In 1997 he moved to Germany, initially as deputy leader of the Stochastic Algorithms research group at the Weierstrass Institute for Applied Analysis and Stochastics in Berlin. Later that year he was appointed Chair of Applied and Instrumental Mathematics at Goethe University Frankfurt, a position he held until his retirement in 2014. Since then, he has held visiting or affiliated positions at Huazhong University of Science and Technology in China (as a "Thousand Talents Plan" distinguished professor), Auburn University in the United States, and the University of Tübingen in Germany.

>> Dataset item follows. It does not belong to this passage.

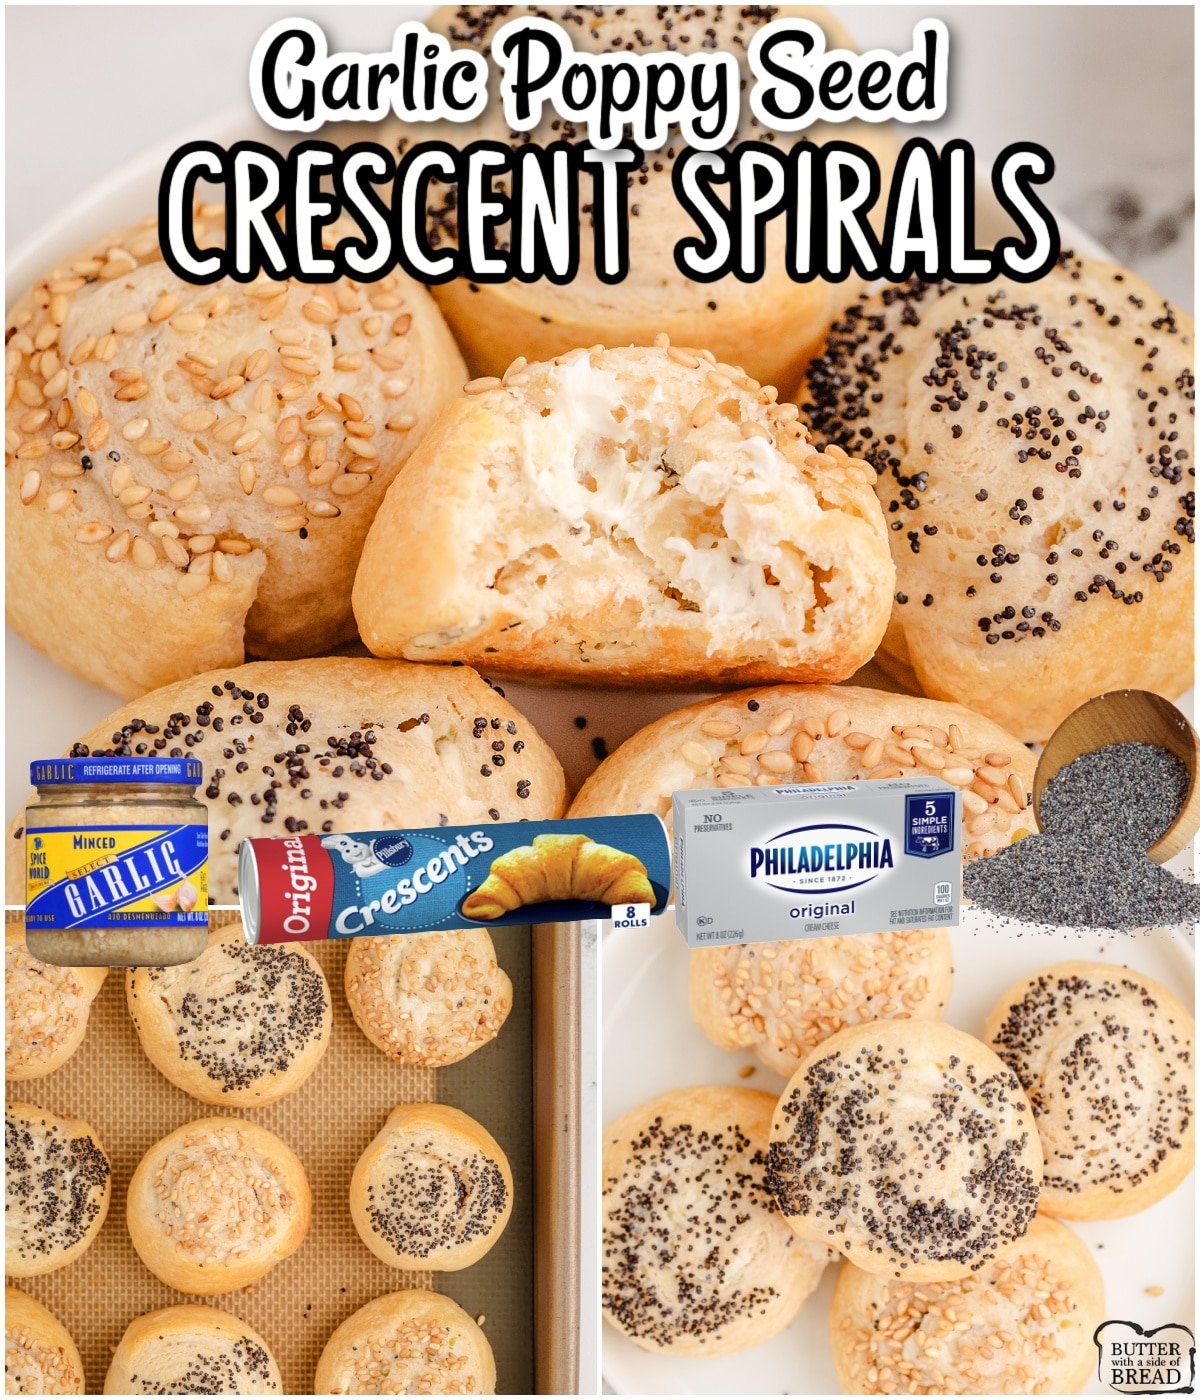 Garlic Poppy Seed Spirals are a delicious appetizer perfect for any occasion! Crescent rolls filled with garlic cream cheese & rolled in poppy or sesame seeds are a flavorful hors d'oeuvres everyone loves!

===Editorial and service contributions===
Kloeden served as Co-Editor-in-Chief of Discrete & Continuous Dynamical Systems, Series B from 2012 to 2022 and has held associate editor positions for many other journals, including the SIAM Journal on Numerical Analysis and Stochastics & Dynamics. He has supervised numerous masters and PhD students and collaborated with scholars from Australia, Brazil, China, Hungary, Germany, Greece, Israel, Japan, Moldova, Poland, Russia, Spain, UK, USA and Vietnam.

==Research==
Kloeden's research spans pure and applied analysis, probability, and numerical analysis, with a focus on differential equations and dynamical systems. As of July 2026 Kloeden has an h-index of 72 on Google Scholar.

===Stochastic numerics===
Together with Eckhard Platen, Kloeden authored Numerical Solution of Stochastic Differential Equations (Springer, 1992). The book is widely cited as a seminal reference in the numerical analysis of stochastic processes and has been influential in areas such as computational finance.

===Nonautonomous and random dynamical systems===
Kloeden has made contributions to the theory of systems driven by time-dependent or random forces. He played a key role in developing the concept of pullback attractors, which describe the long-term behaviour of nonautonomous systems. He co-authored the monograph Nonautonomous Dynamical Systems (AMS, 2011) with Martin Rasmussen, which systematically develops this theory.

===Other contributions===
Early in his career, Kloeden worked on problems in mathematical meteorology, including the well-posedness of the quasi-geostrophic equations. He generalized Sharkovsky's cycle coexistence order to higher-dimensional triangular mappings and also contributed to the theory of fuzzy sets, co-authoring Metric Spaces of Fuzzy Sets with Phil Diamond (World Scientific, 1994).
More recently, he coauthored Attractors of Caputo Fractional Differential Equations with Thai Son Doan and Hoang The Tuan (Springer, 2025).

==Awards and honours==
- Fellow of the Society for Industrial and Applied Mathematics (SIAM) (2009), cited for "contributions to stochastic and non-autonomous dynamical systems"
- W. T. and Idalia Reid Prize (2006), awarded by SIAM for fundamental contributions to the theoretical and computational analysis of differential equations
- Fellow of the Australian Mathematical Society (1995)
- Thousand Talents Plan Award (China, 2014)
- Nelder Visiting Fellowship, Imperial College London (2013)

==Selected publications==
===Selected Books===
- Kloeden, P. E. (1992). "Numerical Solution of Stochastic Differential Equations"
- Diamond, P. (1994). "Metric Spaces of Fuzzy Sets: Theory and Applications"
- Kloeden, P. E. (2011). "Nonautonomous Dynamical Systems"

===Selected articles===
- Cheban, D.; Kloeden, P. E.; Schmalfuss, B. (2002). "The relationship between pullback, forwards and global attractors of nonautonomous dynamical systems". Nonlinear Dynamics & Systems Theory, 9–28.
- Hutzenthaler, M.; Jentzen, A.; Kloeden, P. E. (2011). "Strong and weak divergence in finite time of Euler's method for stochastic differential equations with non-globally Lipschitz continuous coefficients". Proceedings of the Royal Society A, 467 (2130): 1563–1576.

==Personal life==
Kloeden has a severe hearing impairment that has been alleviated by a cochlear implant. He was married to Karin Wahl-Kloeden, who died of cancer in 2016.